Hello. I am happy that I found your homepage regarding gymnastics. I really need some advice without too much personal feelings attached to my gymnast daughter and me (like other parents of gymnasts, soccer moms and relatives…etc.).
My 9 year old daughter has been doing gymnastics for approx. 4 years. She was doing Team Gymn for 2 years and about 10 months ago, she switched to artistic gymnastics (level 4). She has not been in any competitions yet and misses gymnastics meets, however, we thought she has been adjusting to artistic gymnastic well. As far as I know, she loves to go to her practices (3 days a week, 11 hours total per week) and is getting along with her peers. Time to time, she had complained about her coaches being too strict and yelling at her but they have good relationship. We had discussed with my daughter that the coaches being strict and sometimes even yells because it is the nature of this sports, which requires disciplines and commitment to safety. Last night, we ran into one of her former gymnastic friends, who quit gymnastics about a year ago, at a soccer try out. I don’t think her friend and she talked anything about gymnastics, but all of a sudden on the way home, she told us that she wants to quit gymnastics. She said that she is always very tired in the morning after her practices (practices typically end at 9pm) and she does not like her coaches very much. I feel that she will regret if she quit now without even being to a competition, however, I would like to support her decision if she want to quit for right reasons. My daughter also plays soccer twice a week and occasionally we had conflicts with her gymnastics practices however she normally made up the practices. I would like her to continue both sports as long as she desires to or at least for another year or so since she loves both sports so much. Is this too much for her to participate in both sports time wise and workout load wise? If you could guide me how I can approach to her with this issue, I really appreciate it.

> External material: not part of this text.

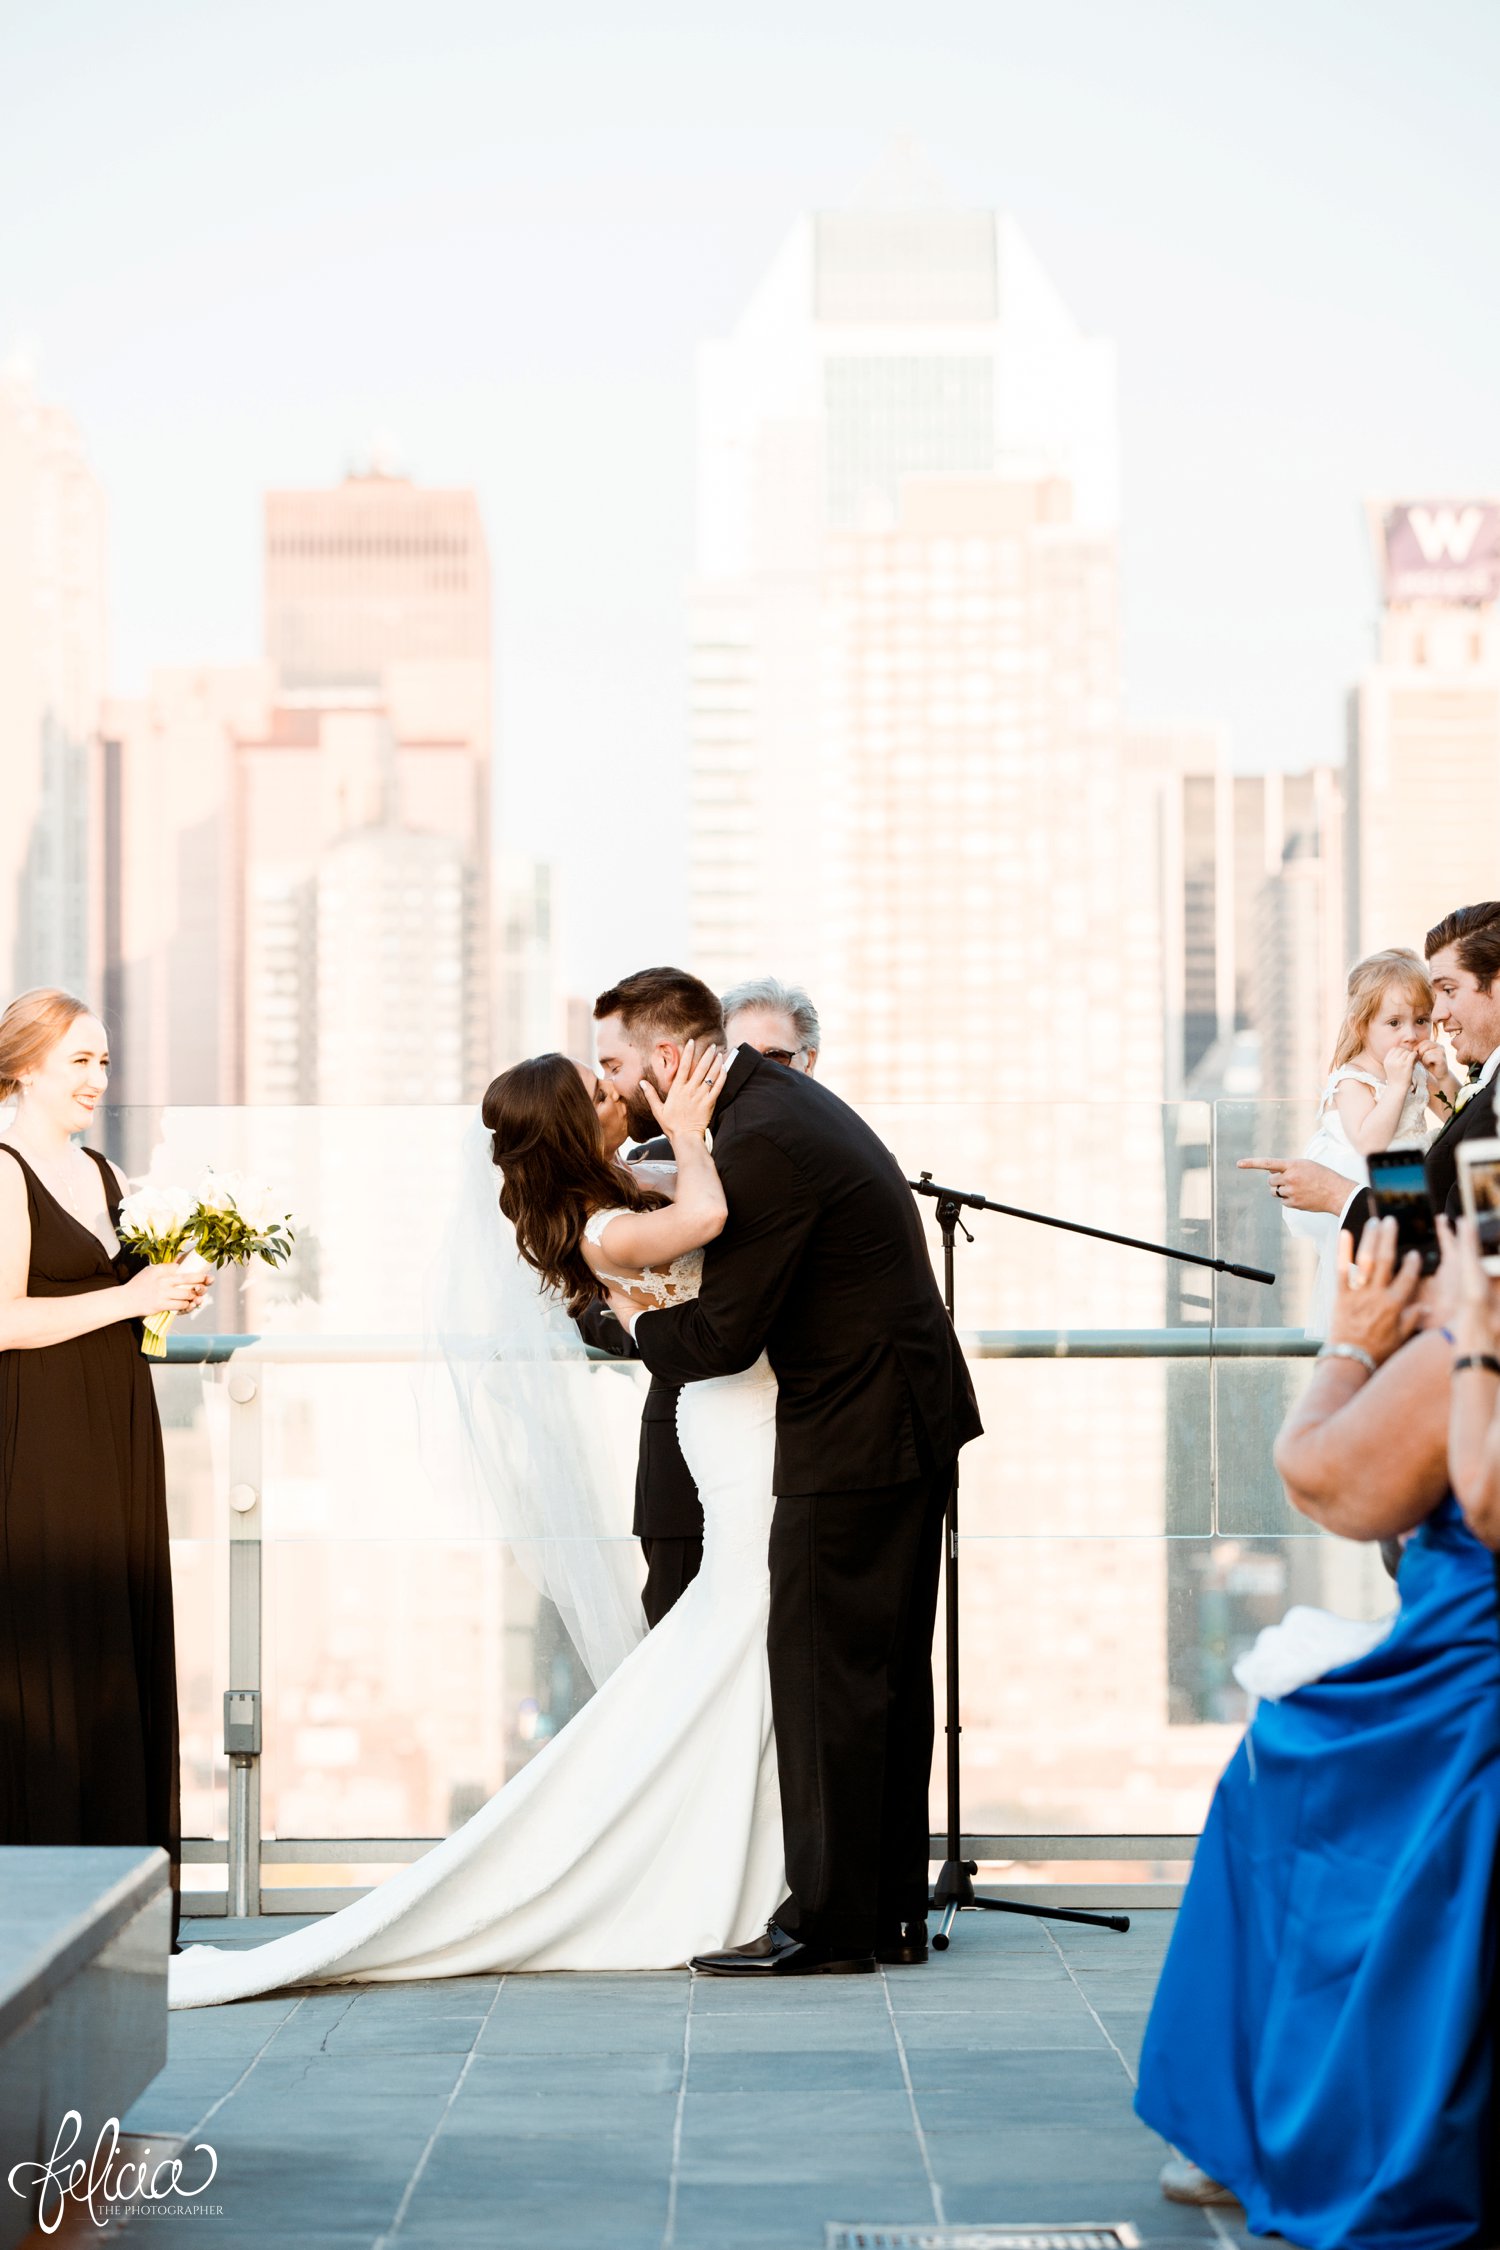 images by feliciathephotographer.com | destination wedding photographer | new york city | ceremony | rooftop | skyline | urban | romantic | classic | emotional | bride and groom | long white gown | lace details | open back | black tuxedo | mens warehouse | pronovais | nordstrom | first kiss |

I have just finished with a coaches’ training session much of which was dedicated to the science behind positive coaching methods. There is this perception that in gymnastics and other sports that successful coaching (which I define as both winning at the highest levels of the sport and simultaneously developing the gymnast into the best person they can be) cannot succeed without harsh coaching methods. It is my firm belief and personal experience that positive coaching methods work better and work on a larger percentage of gymnasts than does negative coaching.
One of the problems is that some of the most visible successful coaches in the sport yell and scream at their gymnasts. And there have been some gymnasts who have succeeded in the sport in this environment. I contend they succeeded in spite of the type of coaching they received, primarily because they were predisposed to be able to shrug off that type of coaching behavior without being too negatively influenced by it, like most other gymnasts would be. Coaches who have never coached a high level Elite athlete (and likely may never do so) see this coaching method and equate the coaching success with the harshness instead of the systematic training approach that is the real reason for success. They adopt the harsh tactics without the systematic coaching and that is all that the gymnast receives.
My feeling is that your daughter is being fairly logical and that the real problem is maybe not hers. I find that 9 year olds can adapt to a schedule that finishes at 9:00 p.m. if they are motivated and have had time to adapt to the new schedule. So I think her real reason lies more with her second reason and perhaps hearing about or thinking about what her life would be like without gymnastics. If she doesn’t like her coaches, then I think that is the problem.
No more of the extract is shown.